DATA SECTION:
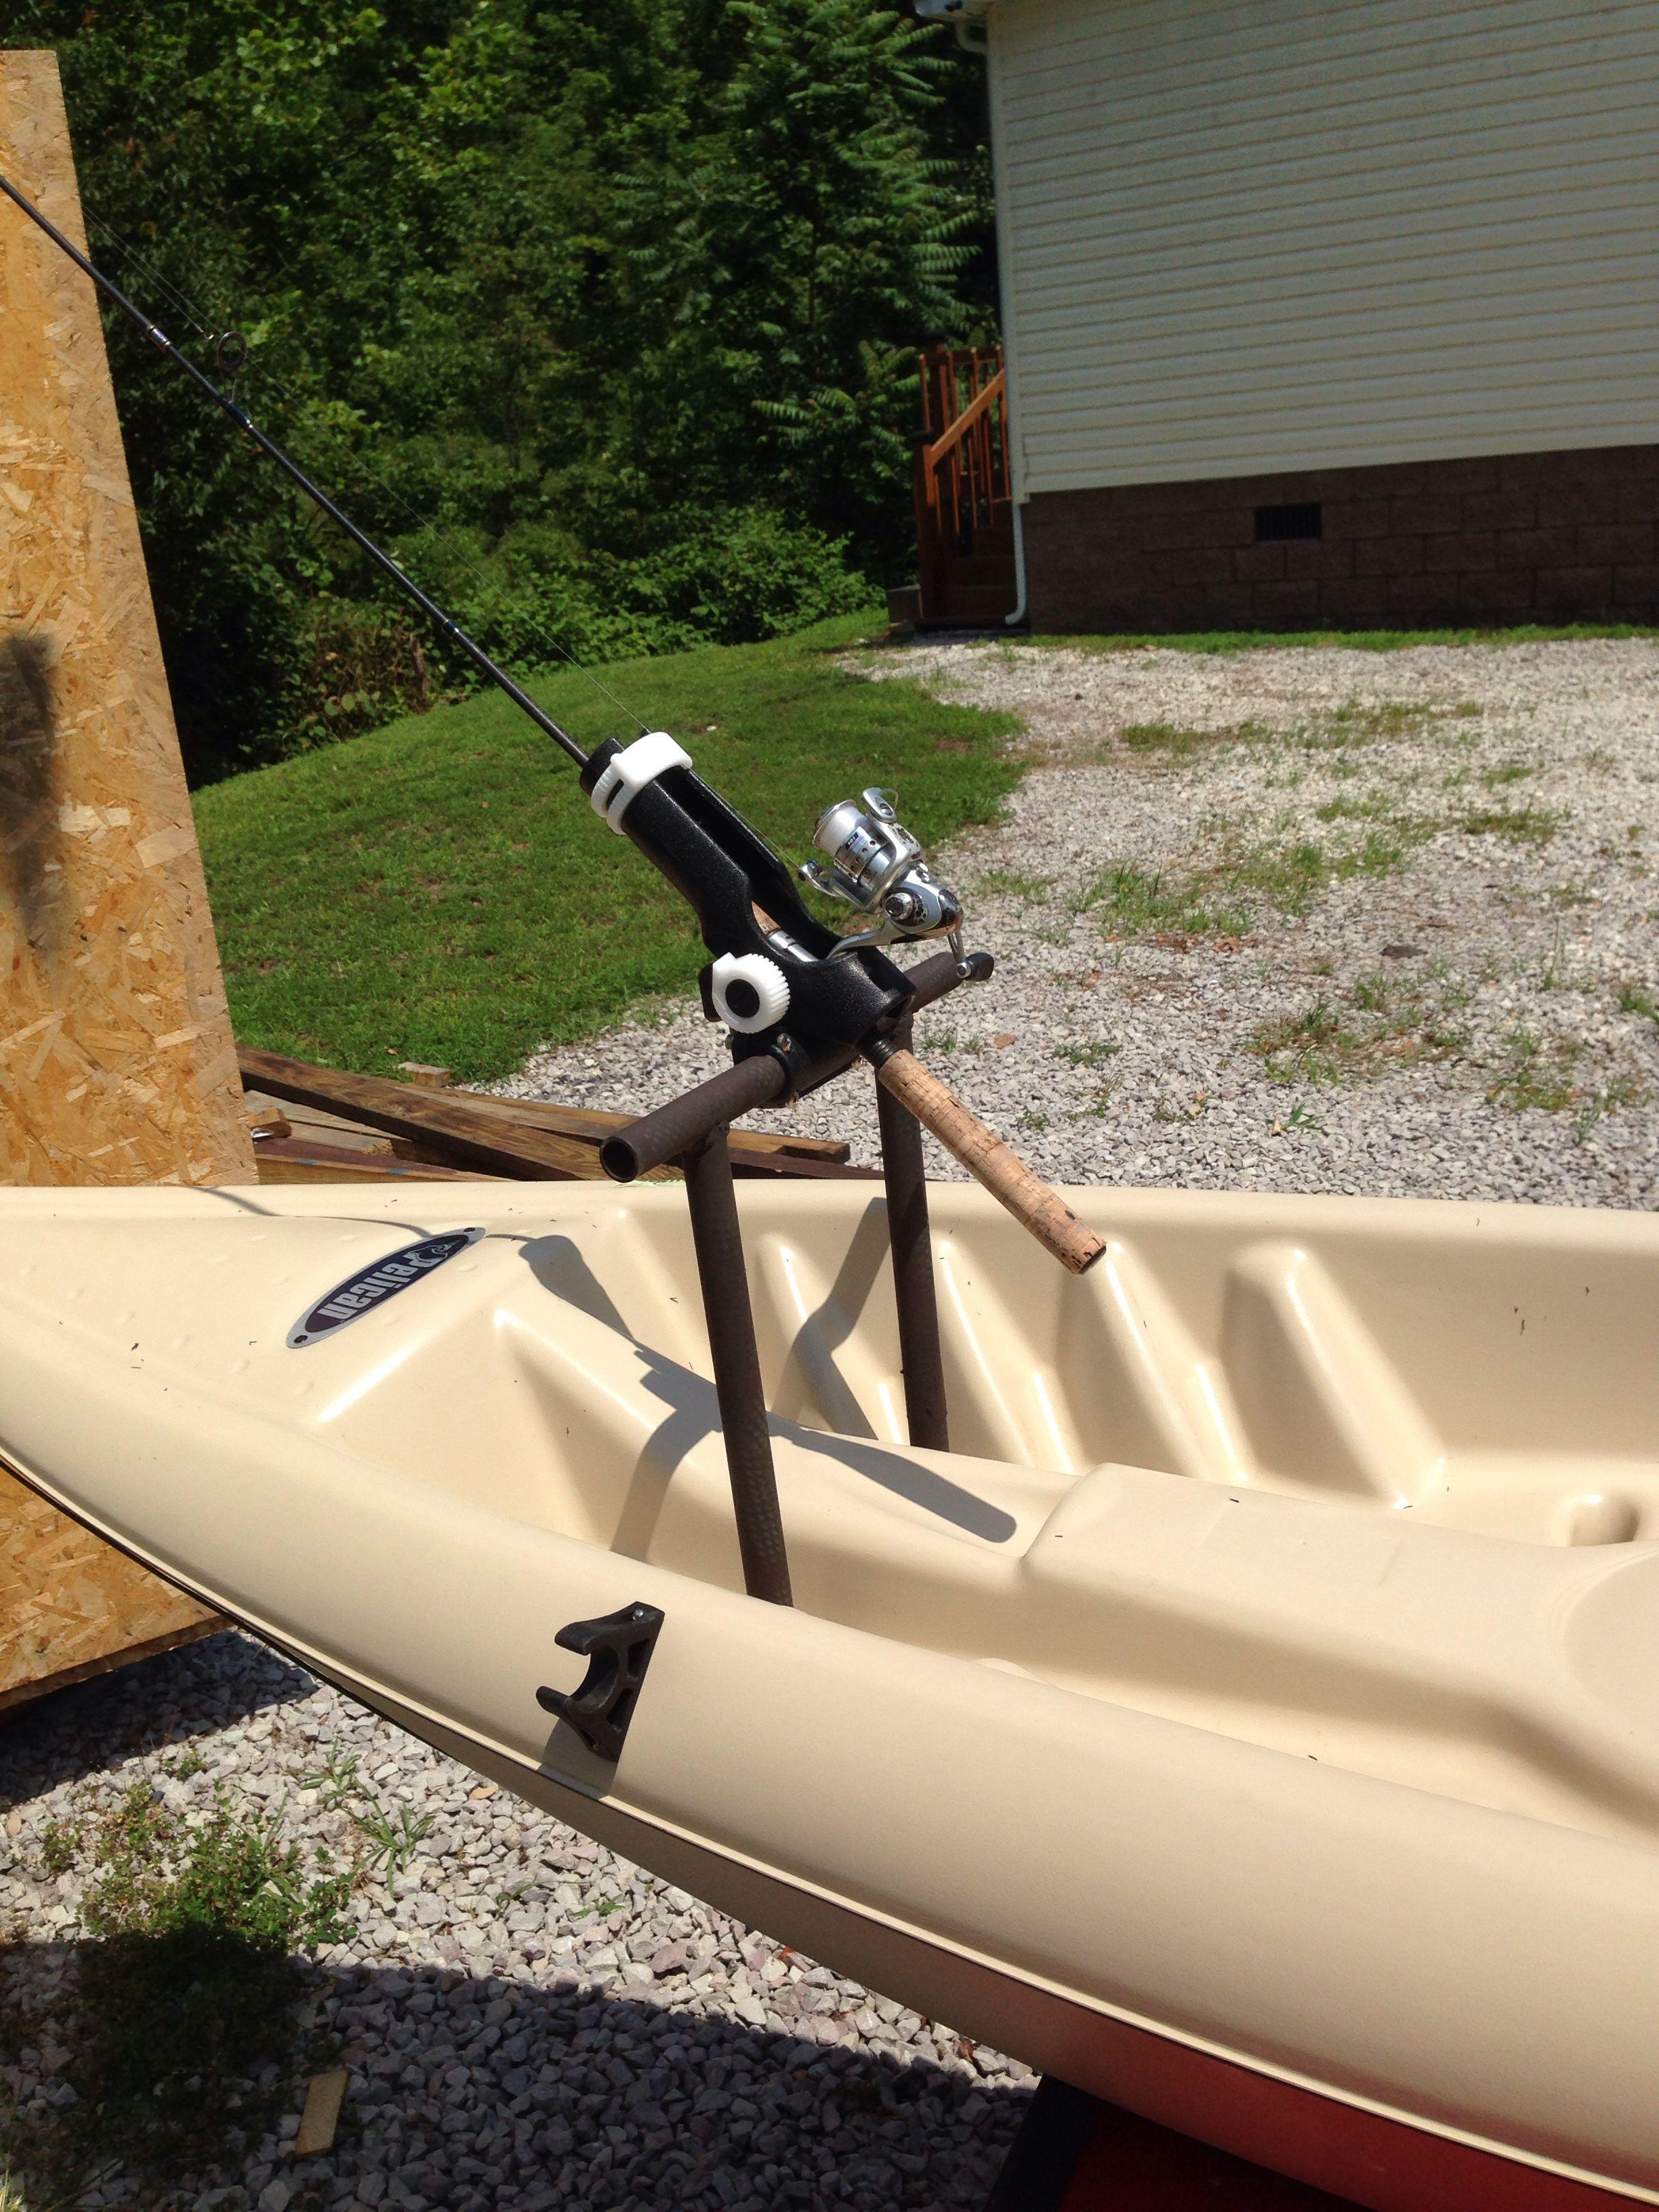 H Bar For Kayak With Images Kayaking Kayak Paddle Paddle Boarding
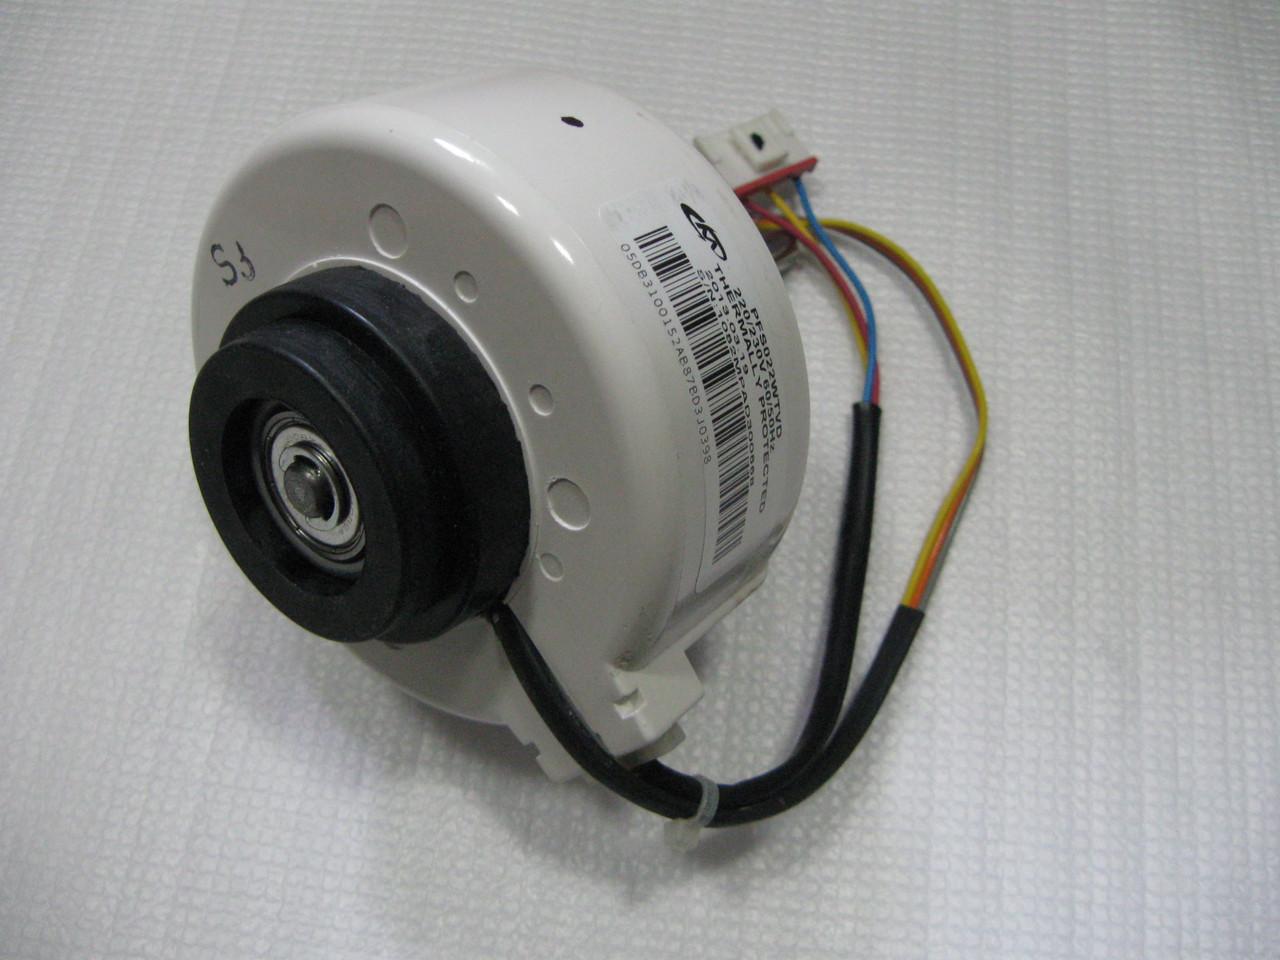 Мотор вентилятора внутреннего блока кондиционера Samsung DB31-00152A
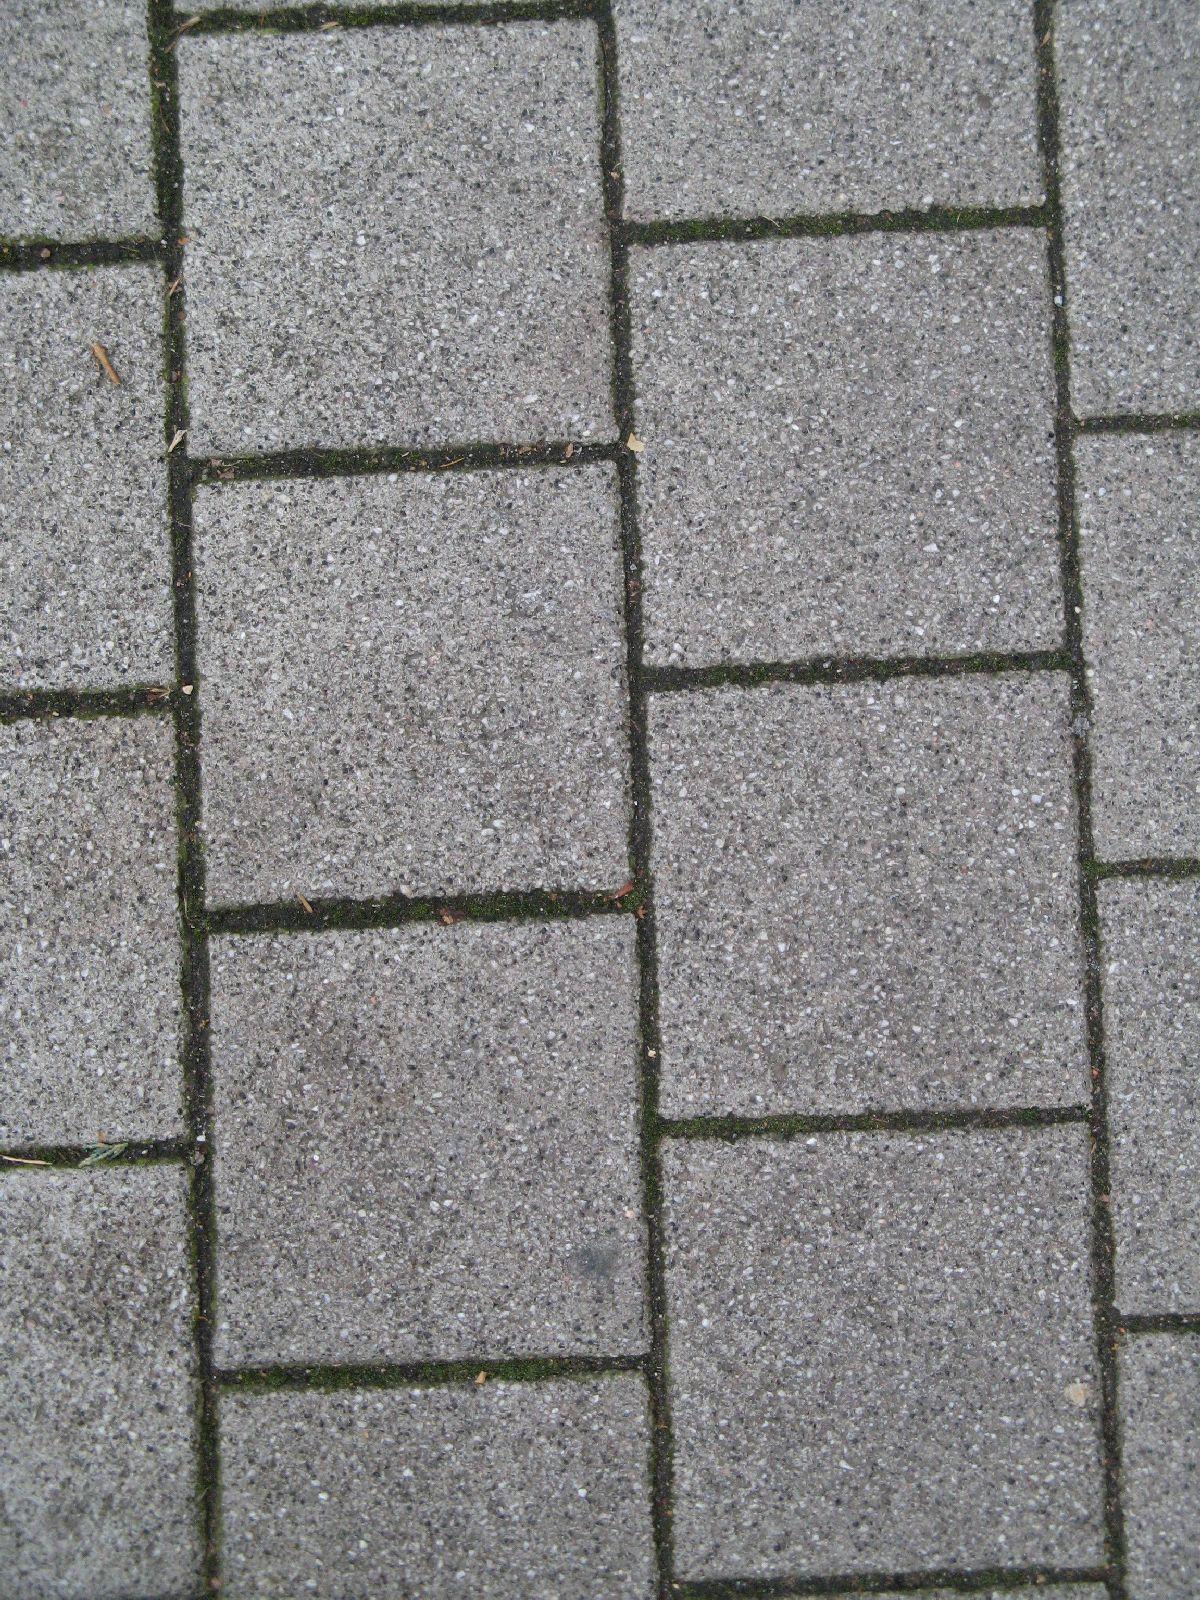 Ground-Urban_Texture_B_0930

WORK TO BE COMPLETED: From the line containing "Мотор вентилятора внутреннего" through the last line of the data above, write out every line word for word, and nothing else. Do not include the pictures.

RESPONSE:
 Мотор вентилятора внутреннего блока кондиционера Samsung DB31-00152A
 Ground-Urban_Texture_B_0930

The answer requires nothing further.